Agents represent the hidden networks operating behind every major clan, sect, and political institution. These networks may include informants, spies, smugglers, conspirators, monks, corrupt officials, local sympathizers, and other covert operatives working beneath the surface of public politics.
Through agents, clans can gather information, interfere with rivals, influence Locations beyond their direct control, and pursue goals that cannot be achieved through diplomacy or warfare alone.
Covert action is intentionally risky, expensive, and uncertain. Even successful missions may result in exposure, political fallout, injury, capture, or the loss of valuable agents.

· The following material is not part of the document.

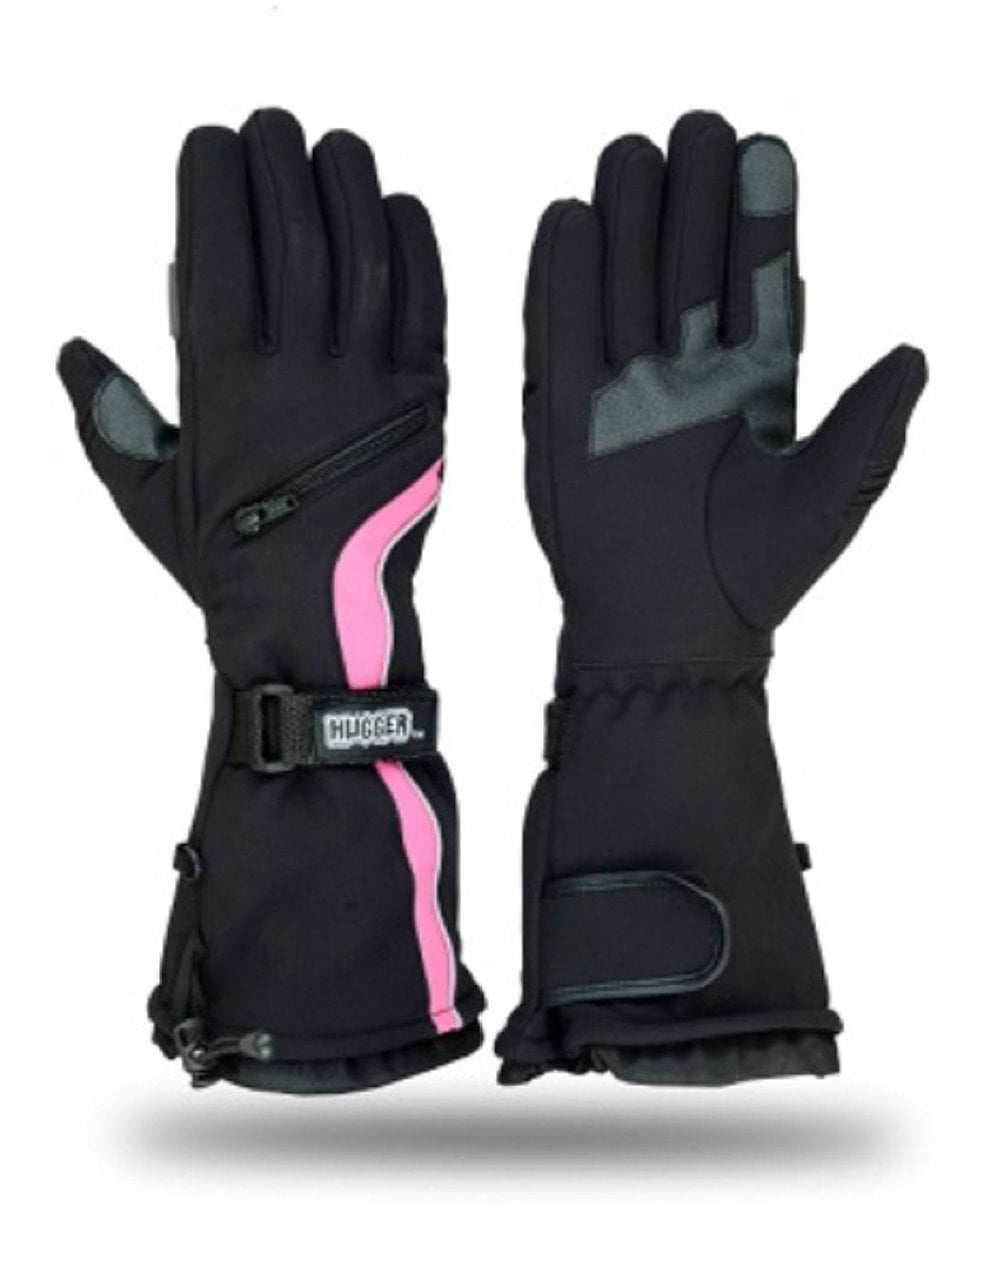 Hugger women's Textile Guantlet Snowmobile Gloves Ski Driving Winter Riding Hand Protection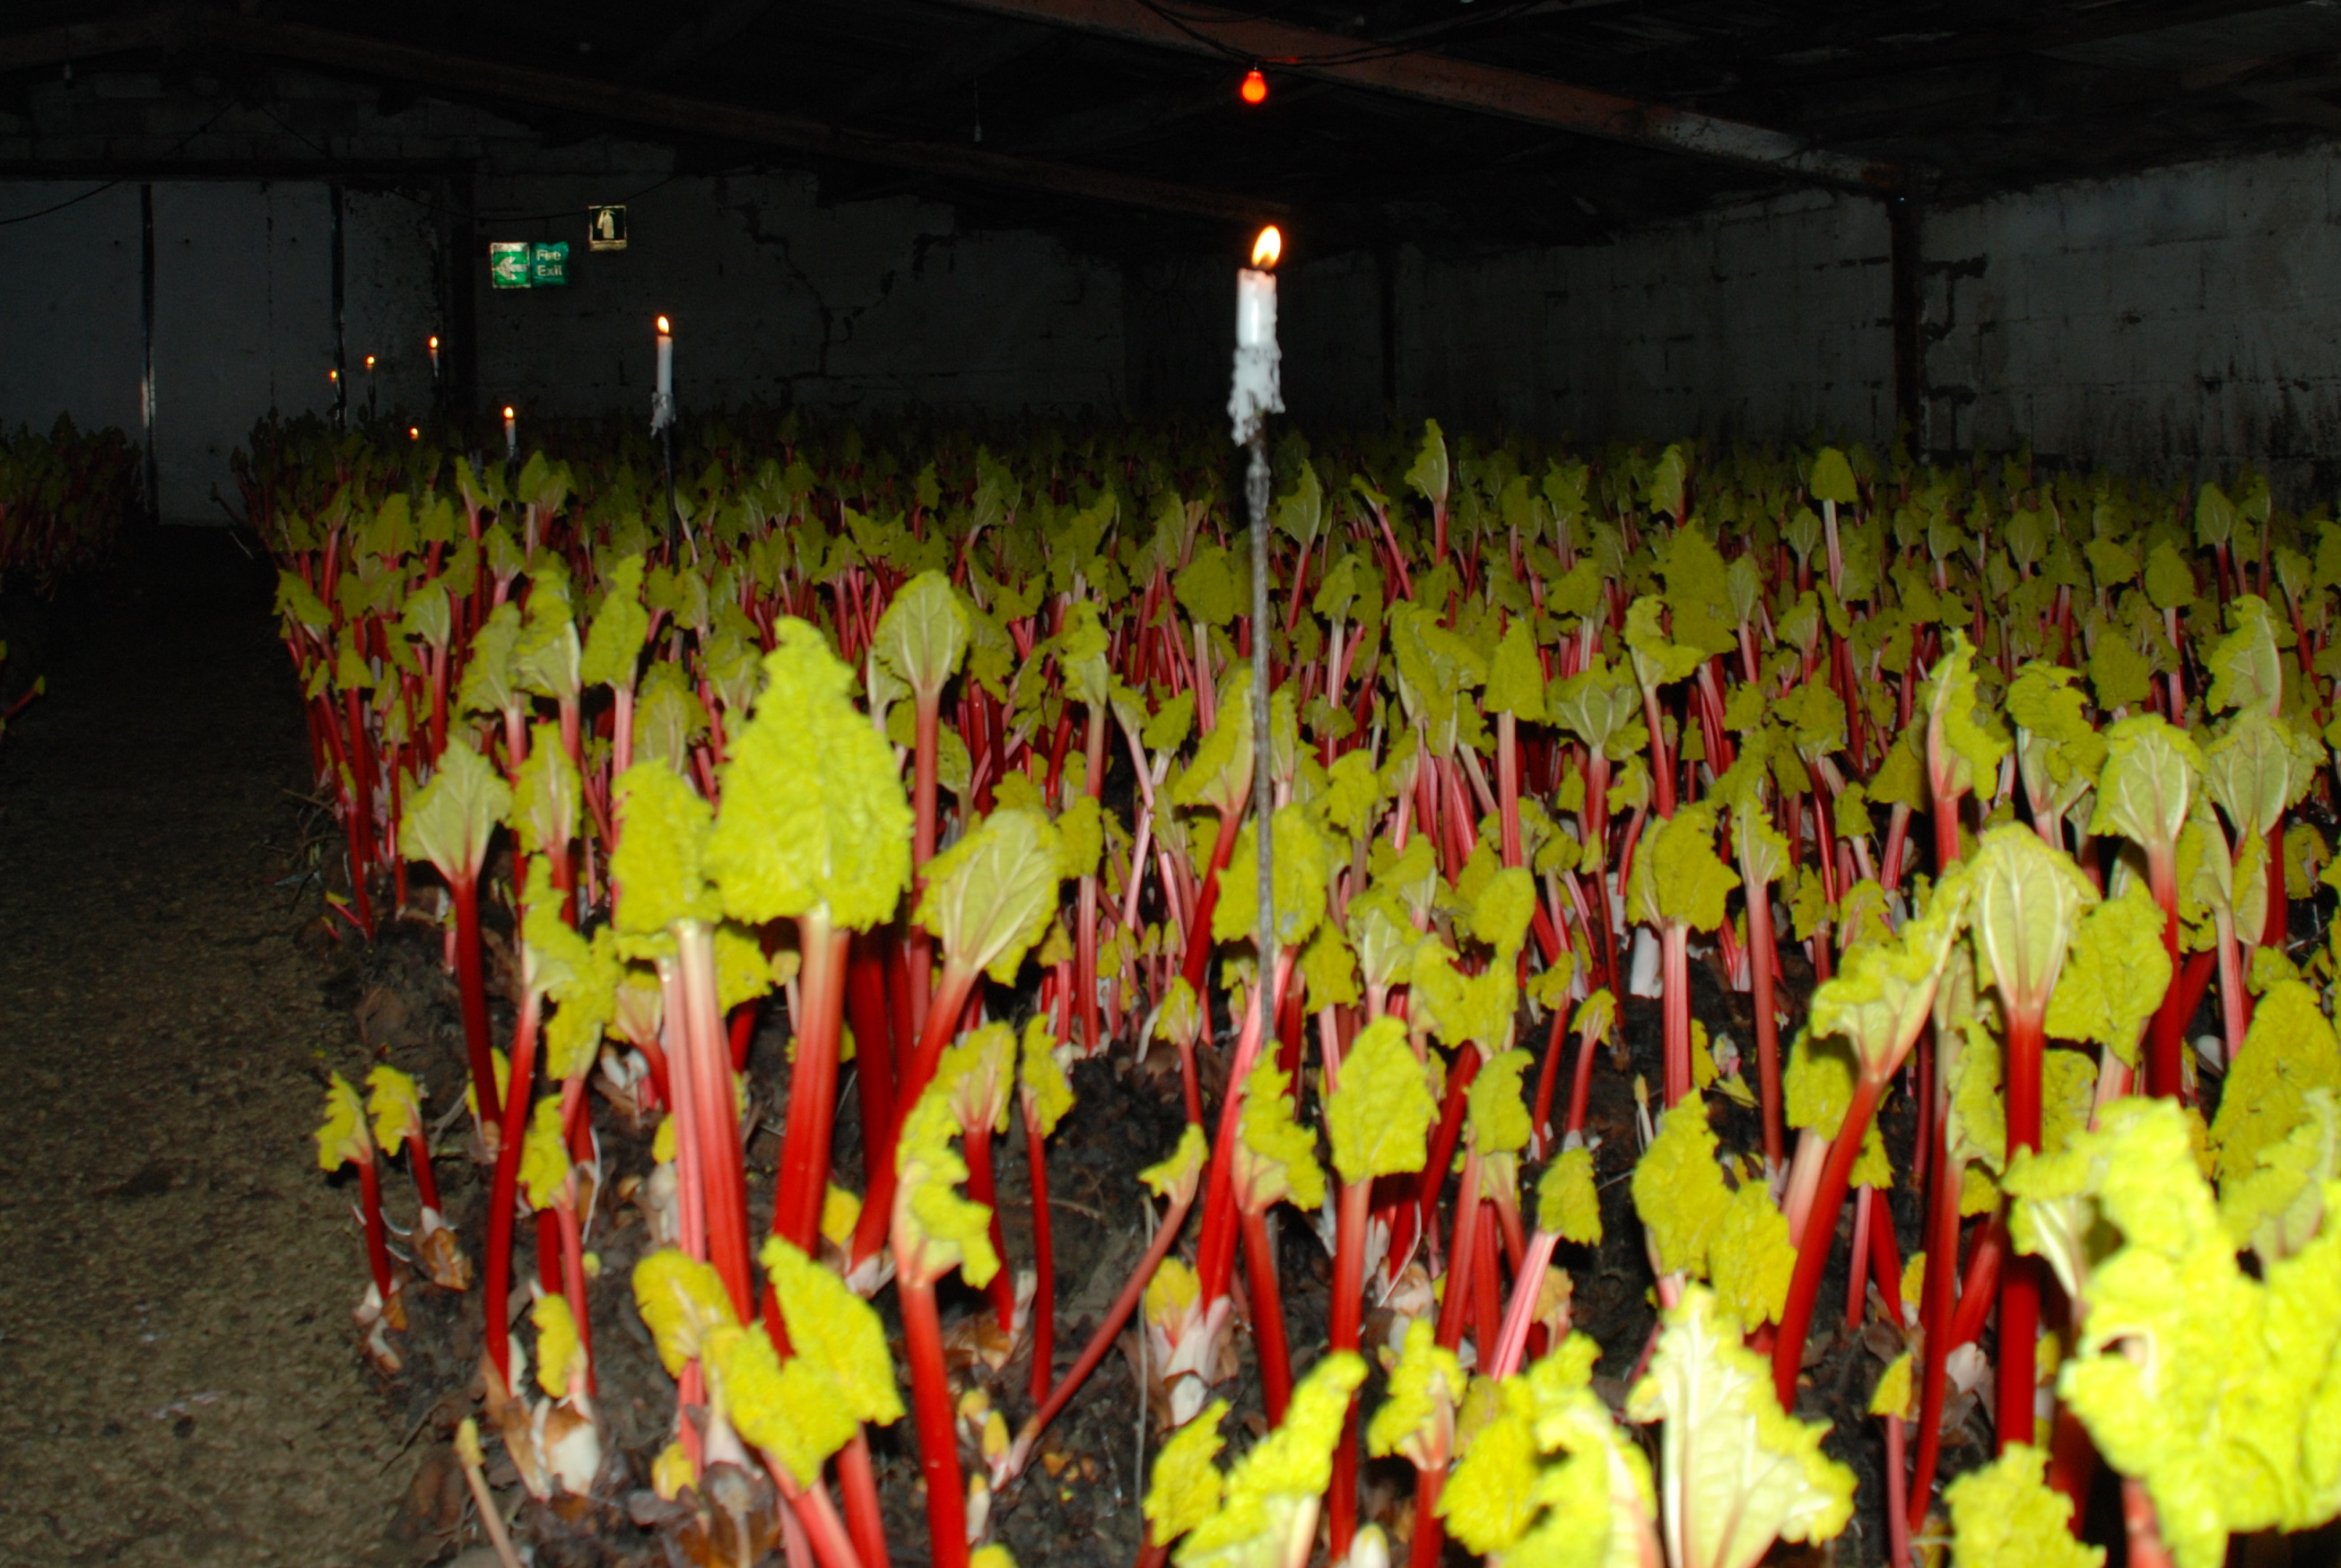 Candlelight in the rhubarb forcing shed

In many cases, remaining hidden is just as important as accomplishing the mission itself.
Agents are persistent clan assets recruited, assigned, and maintained through the Sengoku Application.
Once recruited, an agent remains available to the clan until they are killed, captured, permanently compromised, or otherwise removed from play. Agents are valuable and limited resources, and losing one can significantly weaken a clan’s ability to act covertly.
At present, agents are controlled at the clan level rather than by individual characters. Any authorized member of a clan may assign available agents to missions through the application.
During a turn, each agent may either participate in a mission or maintain a local network within a Location. Agents assigned to networks are not available for ordinary missions until reassigned.
Different factions may have different limits, abilities, or special rules regarding agents and covert operations.